1. Is the Problem Generic or Unique?
If dozens of other health systems have the same problem, there is a good chance the market has already solved it. Generic problems such as appointment reminders, insurance verification, and basic reporting are almost always better addressed by buying. Unique problems tied to specific care models, patient populations, or data assets are stronger candidates for building.
2. What Is the Regulatory Exposure?
Solutions that touch clinical data, support medical decision-making, or interact with billing and coding carry significant compliance obligations. Buying a product that already carries relevant certifications, such as ONC certification for EHR modules, can dramatically reduce regulatory risk compared to a custom build that must be validated from scratch.
3. Do You Have the Internal Capability to Build and Maintain?
Building requires not just the capacity to develop, but the sustained ability to maintain, update, and secure the system over time. Healthcare organizations without a strong internal engineering culture, or a reliable vendor partner for managed development, should be cautious about taking on significant custom builds. The technology may launch successfully but become a liability within a few years if ownership is not clearly planned from the start.

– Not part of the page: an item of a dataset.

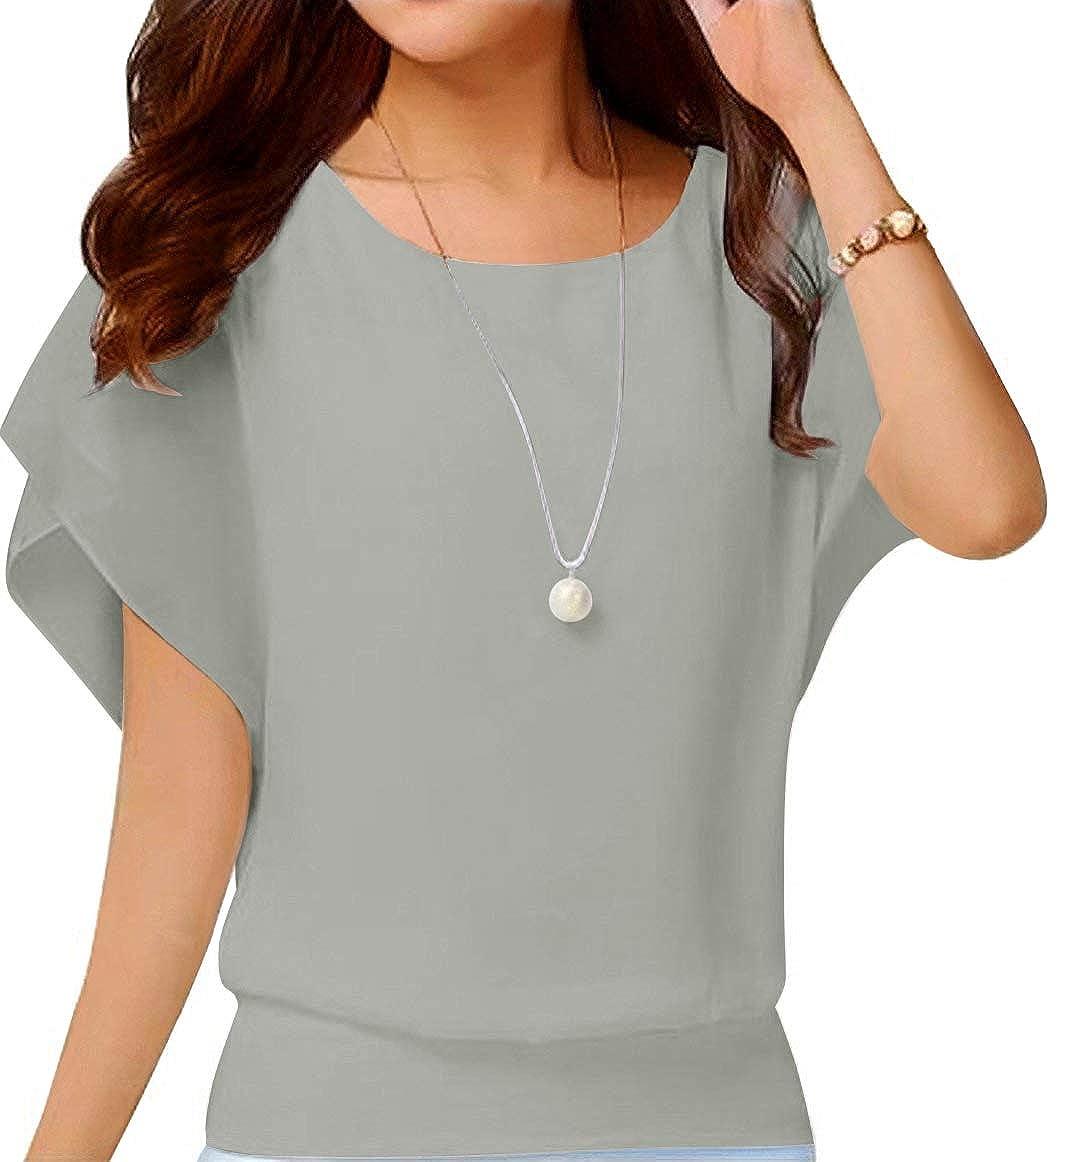 Neineiwu Womens Loose Casual Short Sleeve Chiffon Top T-Shirt Blouse

4. How Critical Is Integration?
Modern healthcare IT environments are deeply interconnected. Any new system, whether bought or built, must integrate reliably with the EHR, the lab information system, the pharmacy platform, and often external payer systems. Evaluating integration complexity early in the decision process can reveal hidden costs on both sides. Commercial vendors with existing interfaces may offer a faster path to integration, while a custom build gives full control over how data flows between systems.
5. What Is the Strategic Timeframe?
A solution needed within six months is almost never a candidate for building from scratch. A capability that represents a five-year strategic investment may well justify the time and cost of custom development. Aligning the decision timeframe with organizational strategy, rather than immediate operational pressure, tends to produce better long-term outcomes.
The Hybrid Path: Buy and Extend
In practice, many of the most effective healthcare IT implementations do not fit neatly into either category. Organizations frequently purchase a core platform and then build custom extensions, integrations, or analytics layers on top of it. This hybrid approach captures the compliance maturity and support infrastructure of a commercial product while preserving the flexibility to address genuinely unique needs.
Epic’s App Orchard, for example, allows health systems to build and deploy custom applications within the Epic ecosystem. Similarly, many cloud-based healthcare platforms expose APIs that enable custom development without requiring organizations to own the entire infrastructure stack. Understanding where a vendor’s extensibility ends and where custom development begins is often the most important technical question in the evaluation process.
Conclusion
The build-vs-buy decision in healthcare IT is less a single choice and more an ongoing practice of evaluating capability gaps against organizational resources, strategic priorities, and market availability. Neither path is inherently superior. The right answer depends on the specific problem, the specific organization, and where that organization currently sits in its technology journey. What matters most is that the decision is made deliberately, with a clear-eyed view of total cost, long-term ownership, and clinical impact. Organizations that build that evaluative discipline into their IT governance processes consistently make better technology investments and, ultimately, deliver better care.